» **Exercise requirements**
Your job is to print, exactly, the lines in the data below from the line with "Summary of the" through the line with "Heureux, père et", both included, and to omit any picture.

[Given entries Boundary: Start]

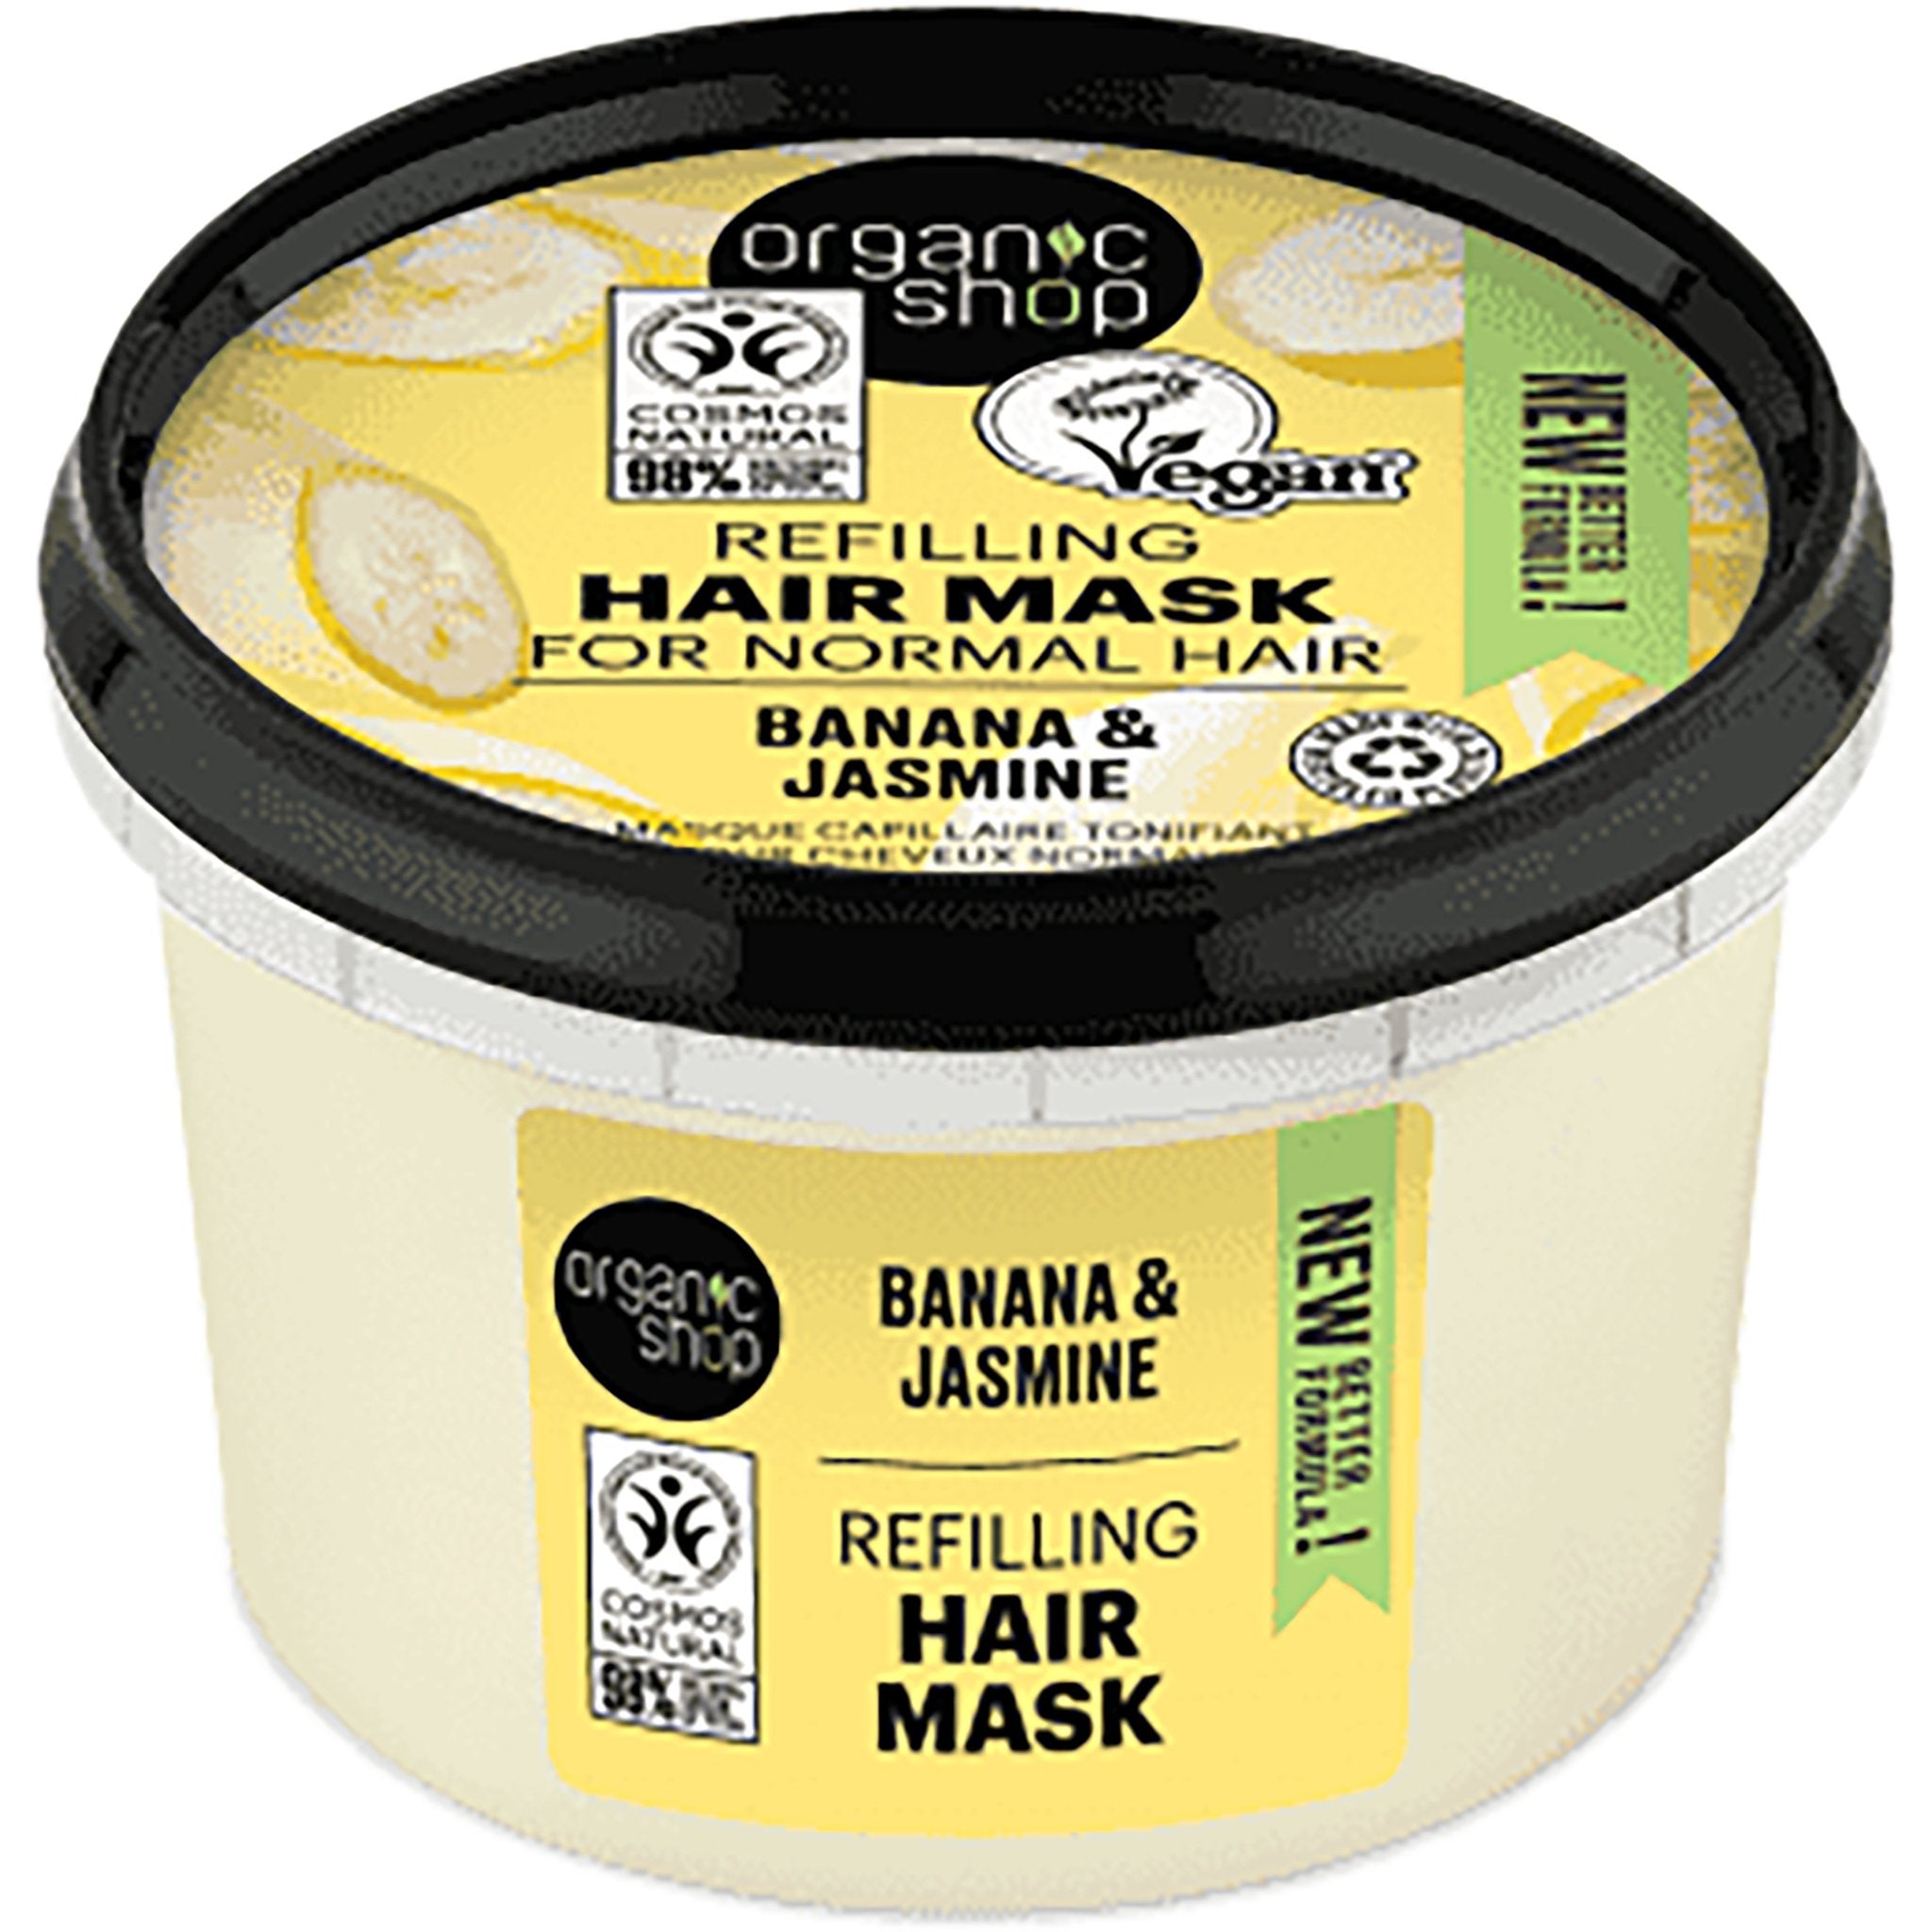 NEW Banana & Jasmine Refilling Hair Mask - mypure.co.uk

[Given entries Boundary: End]
[Given entries Boundary: Start]

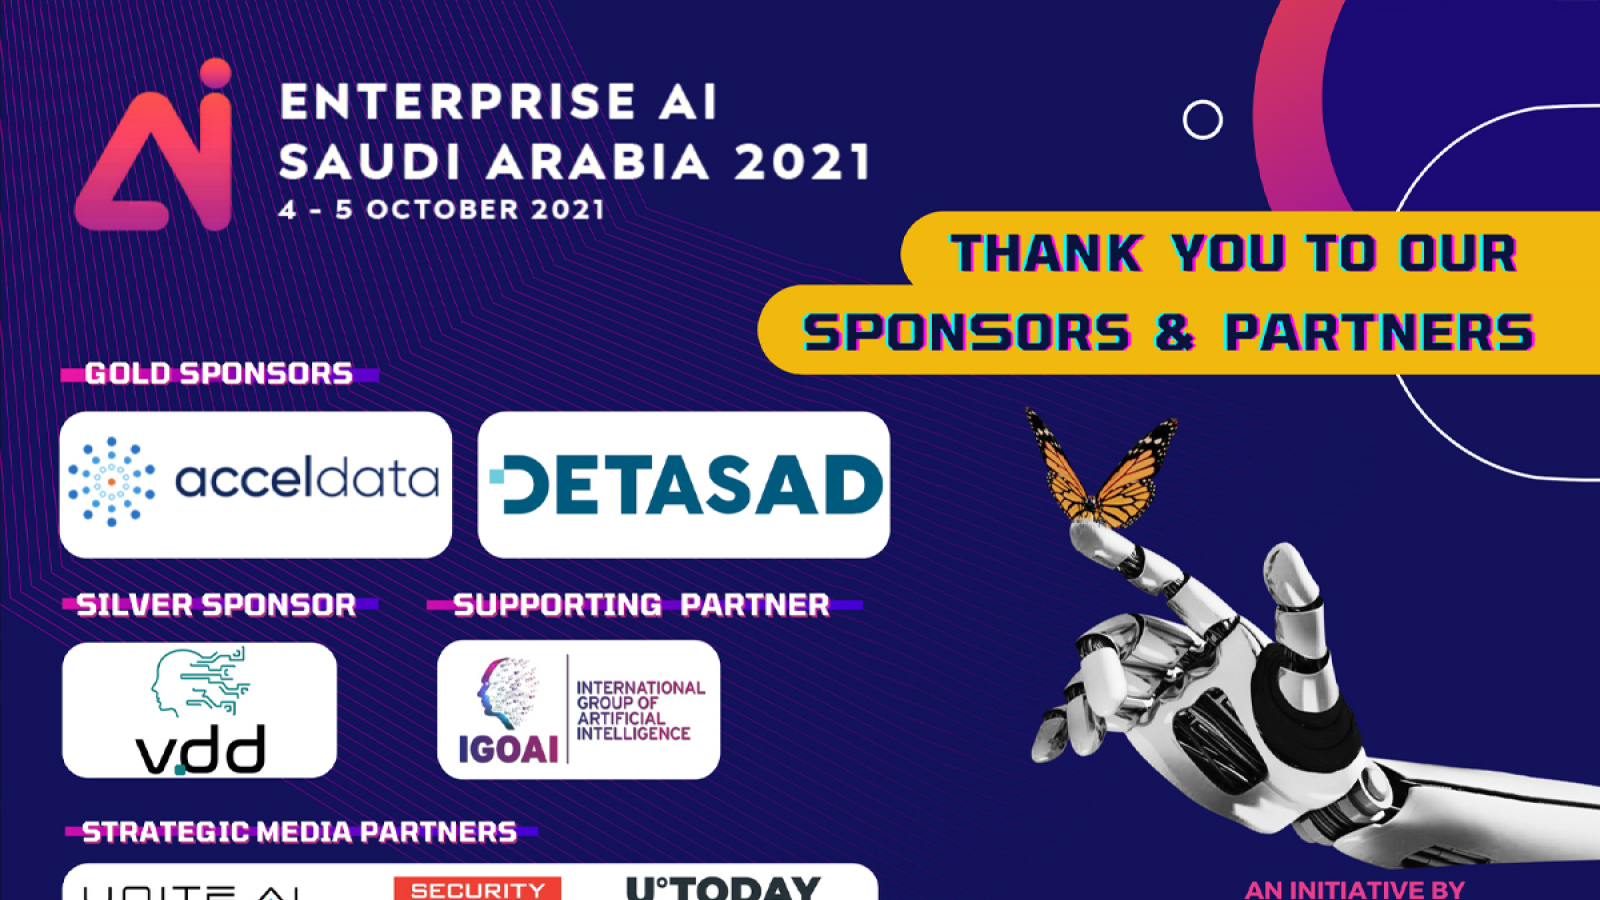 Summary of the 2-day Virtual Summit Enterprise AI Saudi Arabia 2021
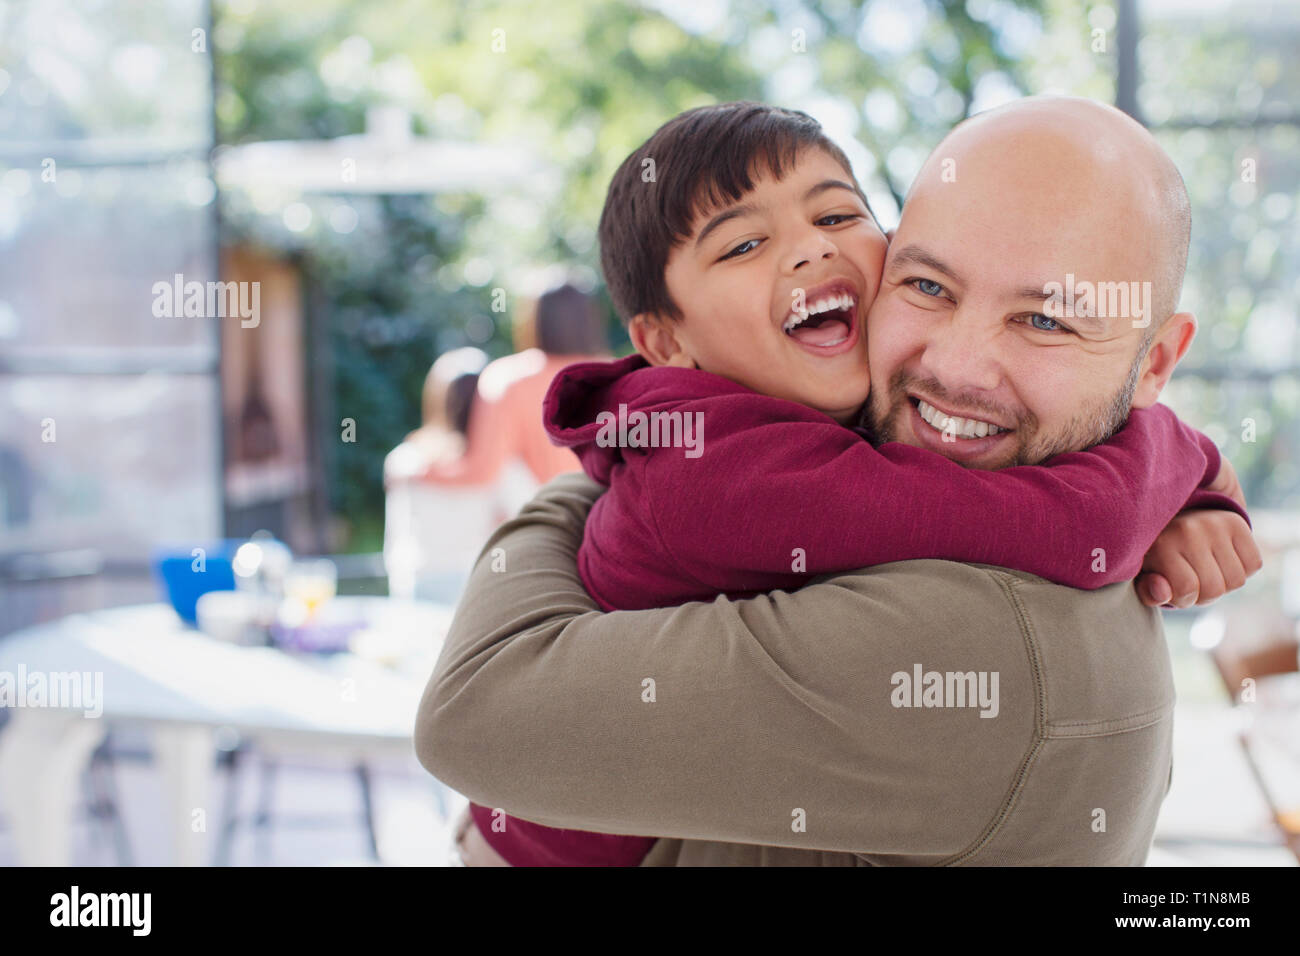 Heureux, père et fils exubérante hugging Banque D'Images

[Given entries Boundary: End]

» **Task output**
 Summary of the 2-day Virtual Summit Enterprise AI Saudi Arabia 2021
 Heureux, père et fils exubérante hugging Banque D'Images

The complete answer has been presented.